#### [AVAILABLE DATA]

============

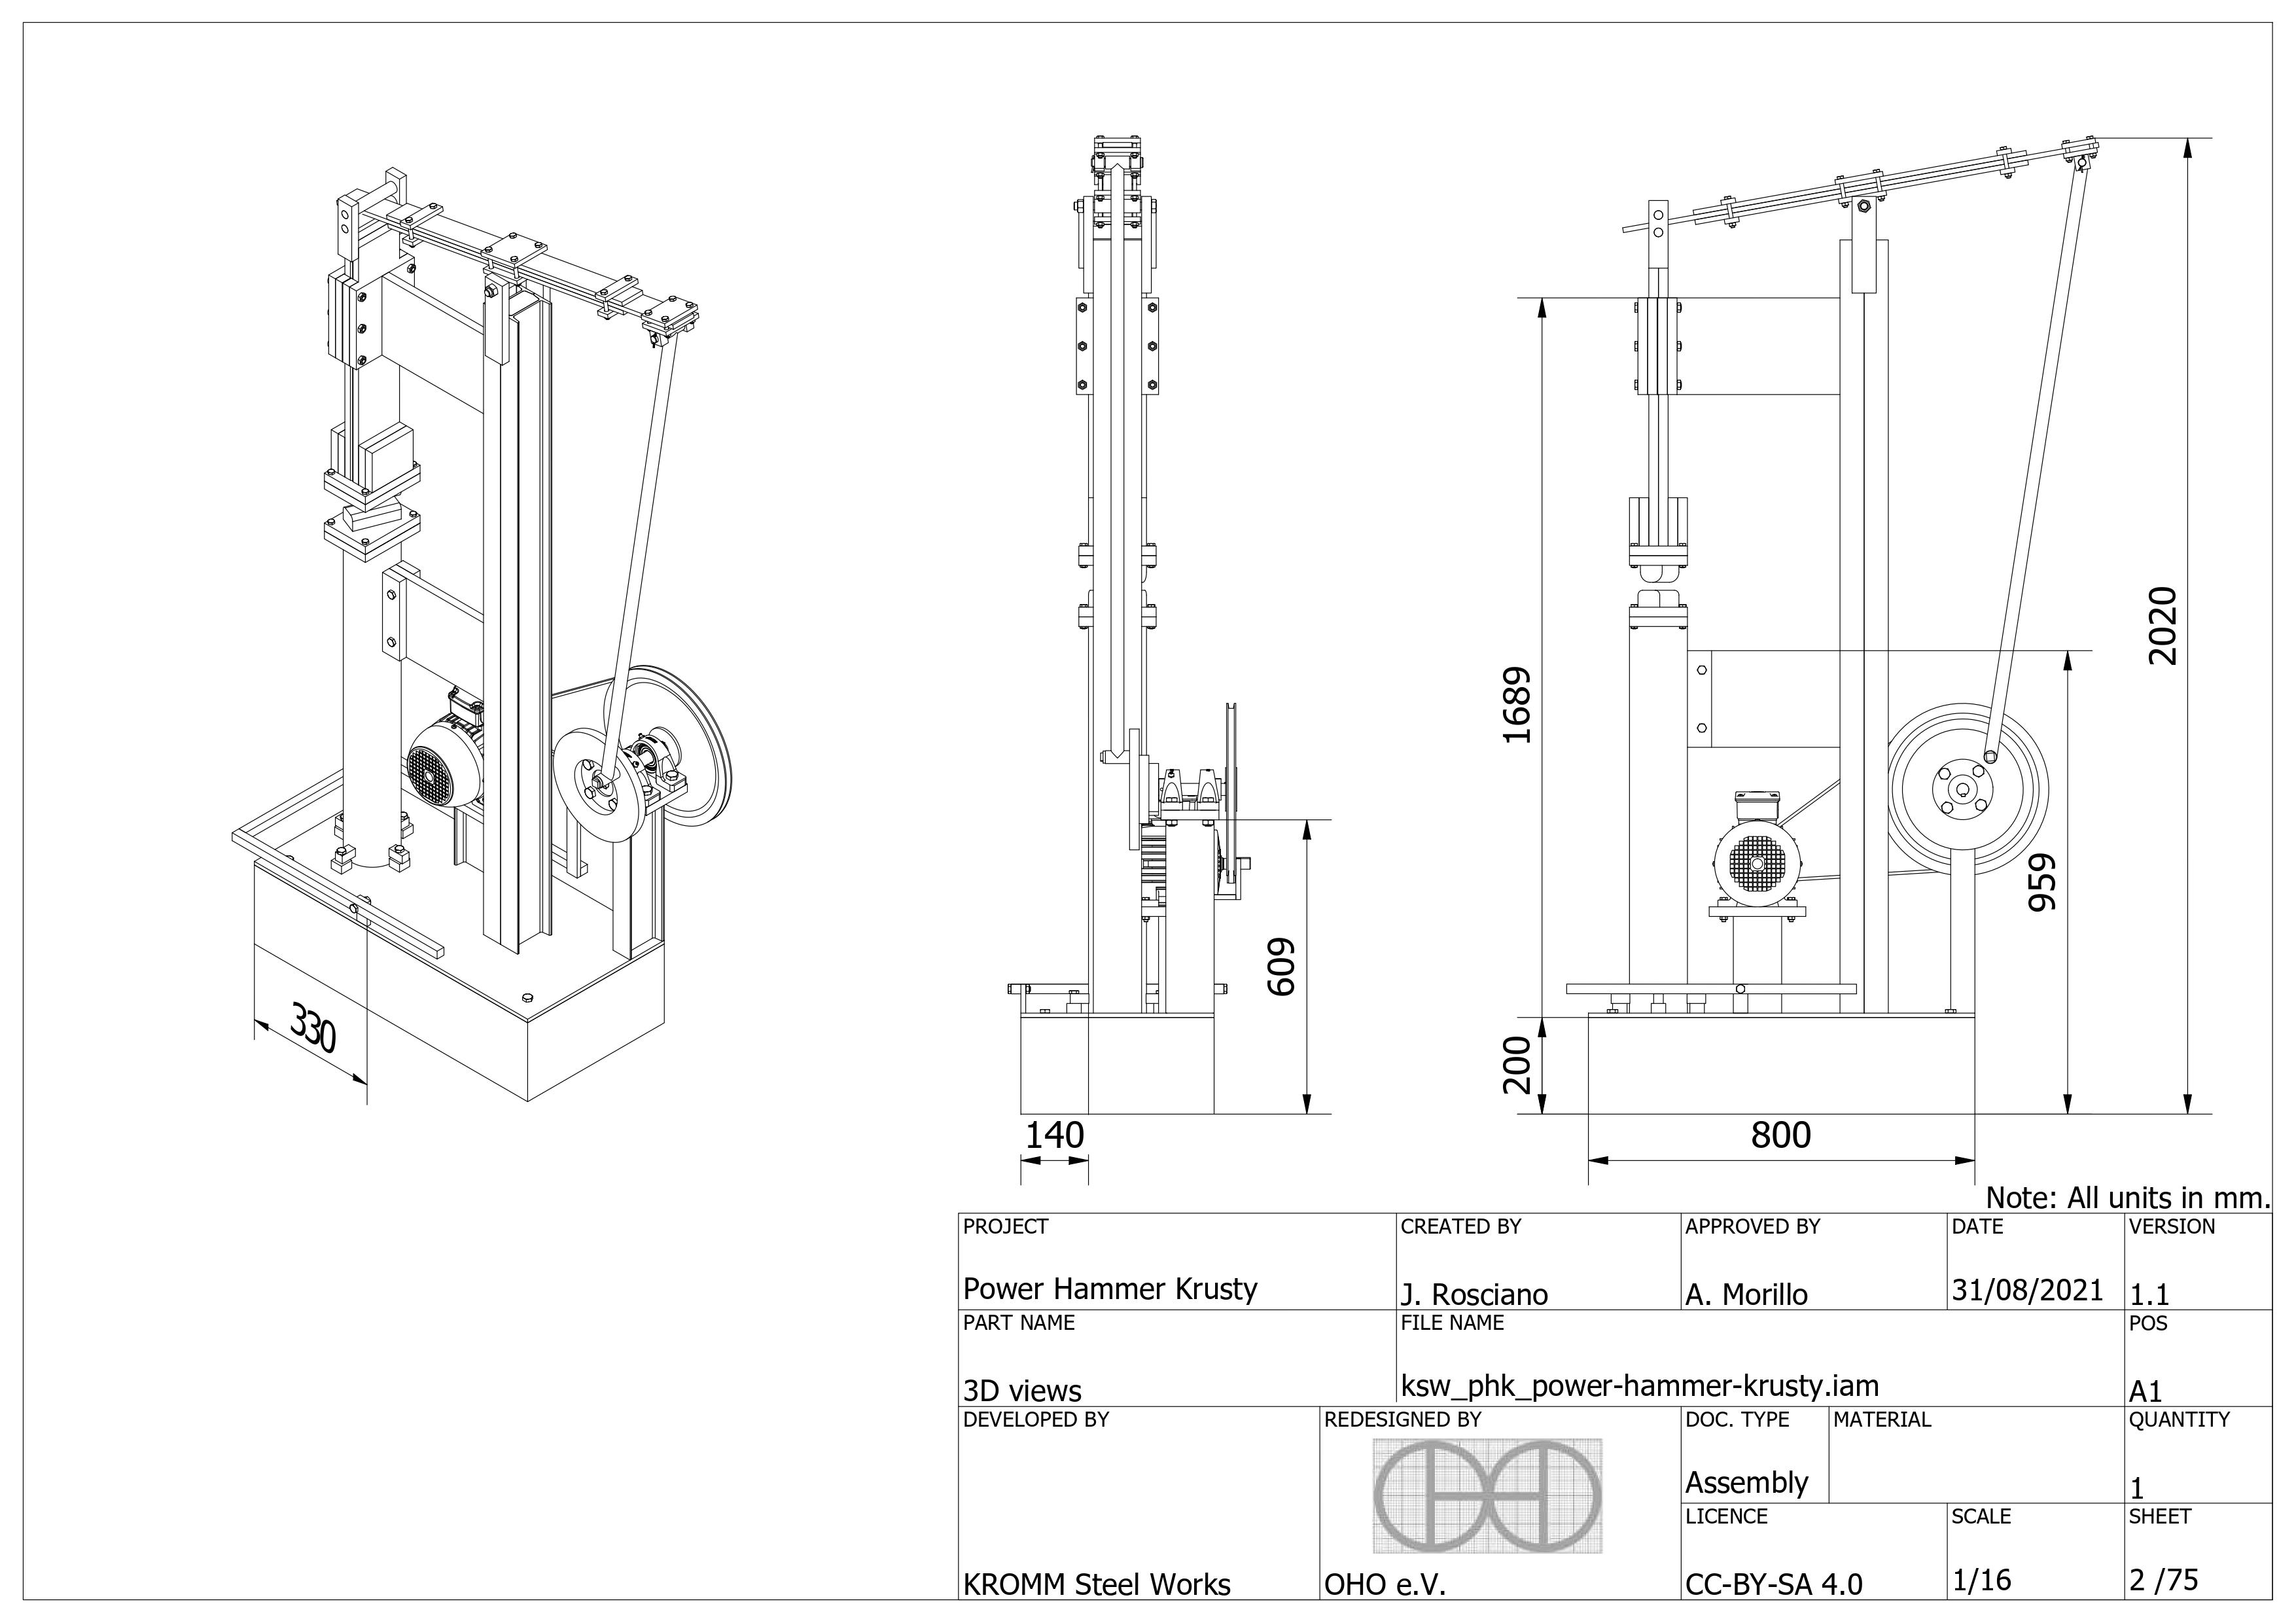 Ksw phk power-hammer-krusty 0002.jpg
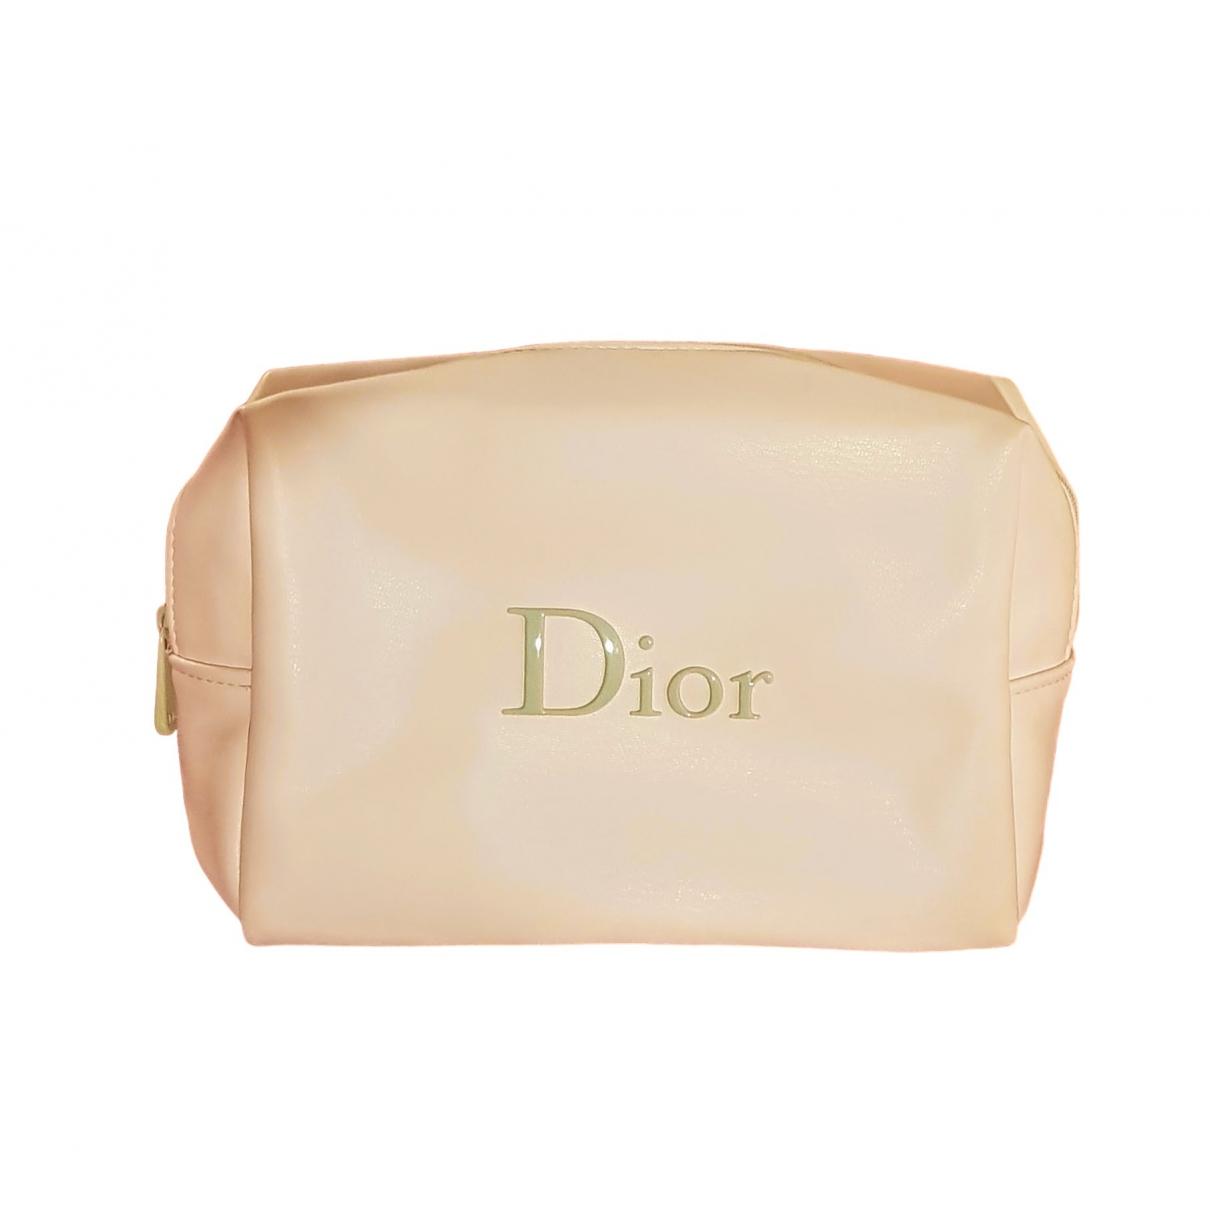 Dior - Sac de voyage   pour femme - ecru
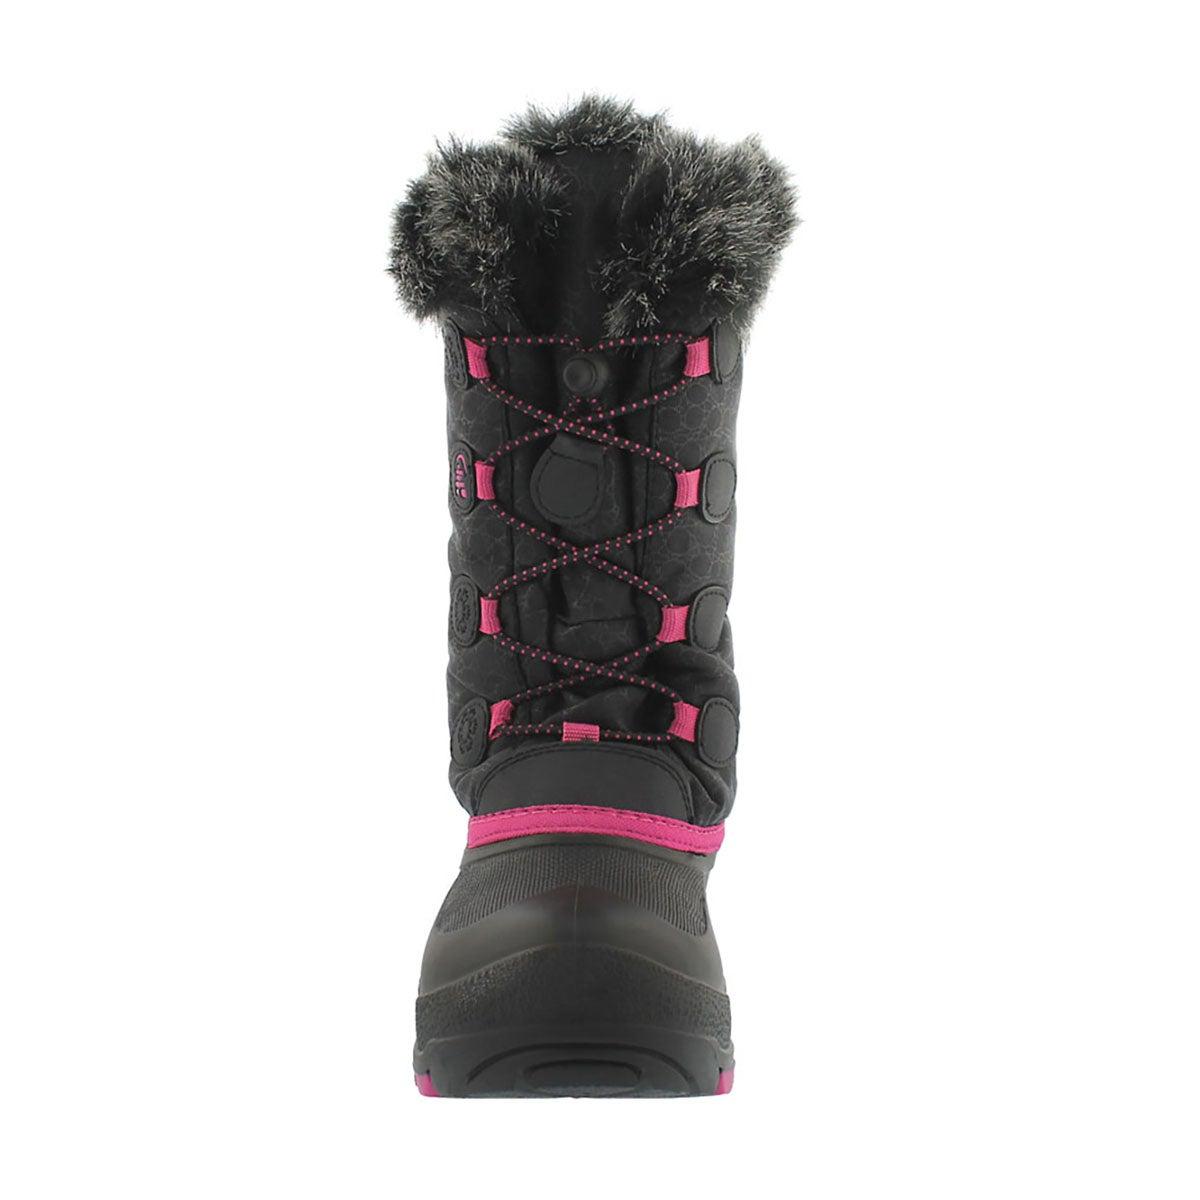 Grls Snowgypsy blk/mgnta winter boot

============

#### [TASK INSTRUCTIONS]
None of the pictures should be kept; reproduce all the remaining material exactly.

#### [RESULT FOR THIS TASK]
 Ksw phk power-hammer-krusty 0002.jpg
 Dior - Sac de voyage   pour femme - ecru
 Grls Snowgypsy blk/mgnta winter boot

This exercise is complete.